3.4. Hydrodynamic Properties
Hydrodynamic pulse duplicator testing of heart valve prototypes fabricated with 10 wt.% SF/DP30 leaflets demonstrated smooth opening and closing dynamics (see supporting video, cranial view (available here)). Occasional leaflet delamination was observed in samples exceeding 500 μm thickness. Averaged data from five heart valves are summarized as follows: transvalvular mean pressure gradient (ΔP) of 5.0 ± 0.6 mmHg, regurgitation fraction of 10.4 ± 2.8%, effective orifice area (EOA) of 1.65 ± 0.14 cm2, transvalvular forward energy loss of 12.2 ± 3.6% ventricular energy (VE), closing energy loss of 1.9 ± 0.8% VE, and leakage energy loss of 3.4 ± 1.5% VE. Comparative hydrodynamic data for SF/DP30 valves, porcine pericardium, polyurethane, and a commercial Edwards Perimount 2900 valve are summarized in Table 2 [9].
| Valve description | Regurge (%) | EOA (cm2) | ΔP (mmHg) |
|---|---|---|---|
| SF/DP30 | 10.40 ± 2.80 | 1.65 ± 0.14∗ | 5.00 ± 0.60 |
| Porcine percardium | 10.65 ± 0.15 | 2.41 ± 0.01 | 6.03 ± 0.01 |
| Polurethane | 6.25 ± 0.97 | 2.31 ± 0.11 | 6.59 ± 0.47 |
| Edwards Perimount 2900 | 3.01 ± 0.12 | 2.33 ± 0.21 | 6.47 ± 0.69 |
- ∗p < 0.05 versus porcine pericardium (N = 5 for SF/DP30, N = 2 for others).
3.5. WST-1 Cytotoxicity Assessment
No significant cytotoxicity was detected at any time point (T1, T3, T6, and T14) relative to 48-h controls (Figure 7). All groups exposed to 10 wt.% SF/DP30, with or without direct material incubation, maintained optical density (OD450) values comparable to controls.
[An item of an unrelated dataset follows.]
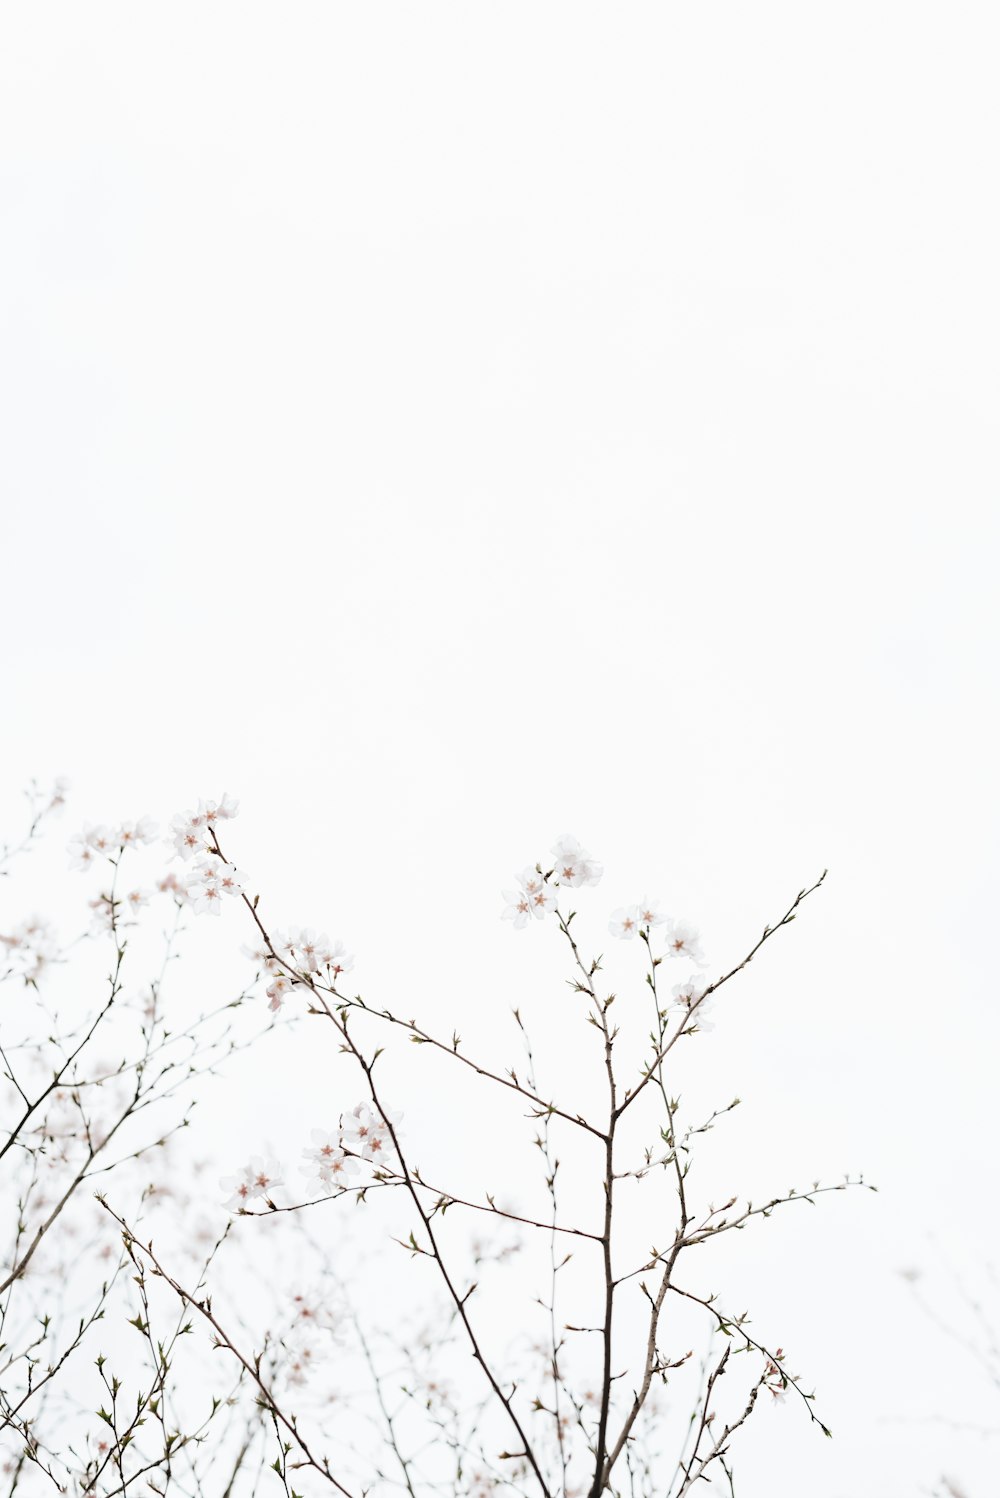 Lưu giữ những khoảnh khắc xinh đẹp của mùa xuân với những bức hình hoa anh đào trắng tinh khôi đầy nghệ thuật.
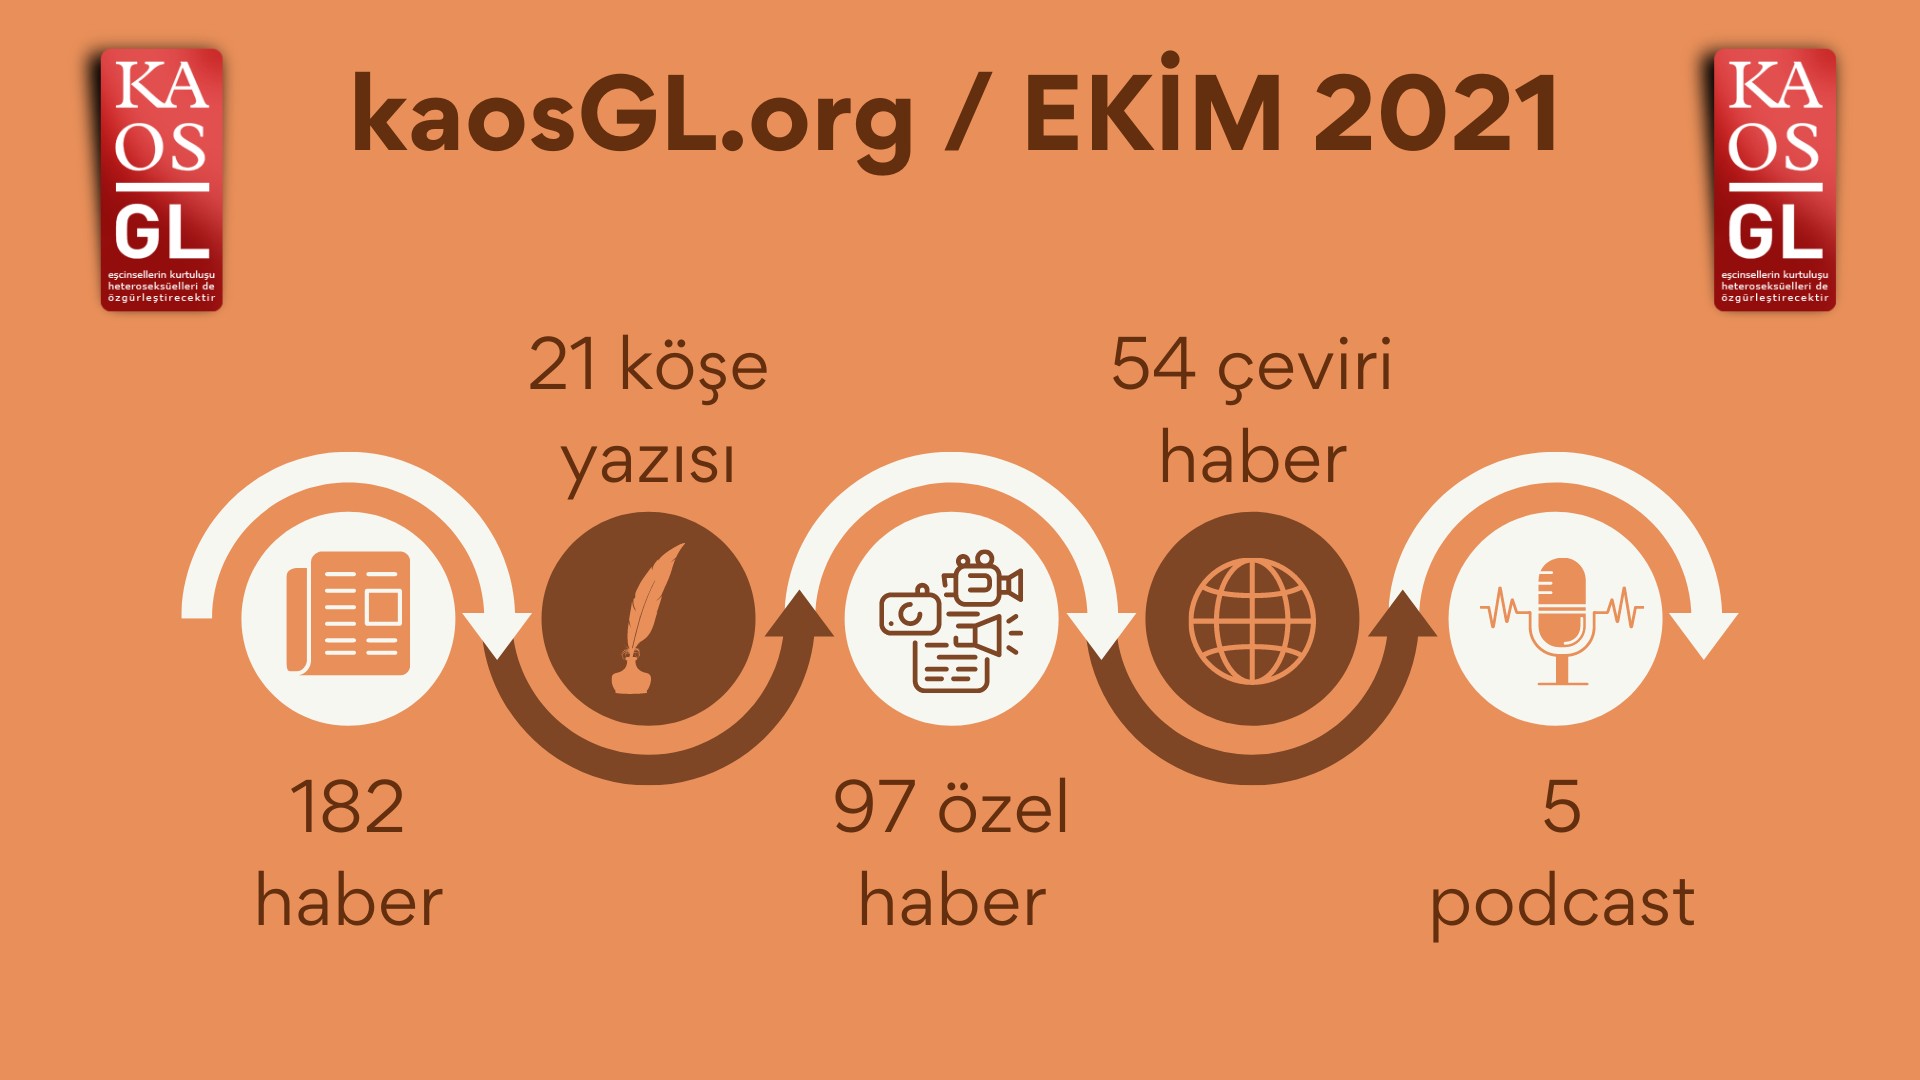 KaosGL.org, Ekim 2021’de ne yaptı? | Kaos GL - LGBTİ+ Haber Portalı

Metabolic activity remained stable or slightly increased over time, indicating that degradation products are nontoxic and may even promote cell viability. The 24-h baseline control exhibited significantly lower metabolic activity than all subsequent time points, consistent with expected cell proliferation. These results confirm scaffold biocompatibility, corroborated by favorable endothelial and fibroblast coculture outcomes.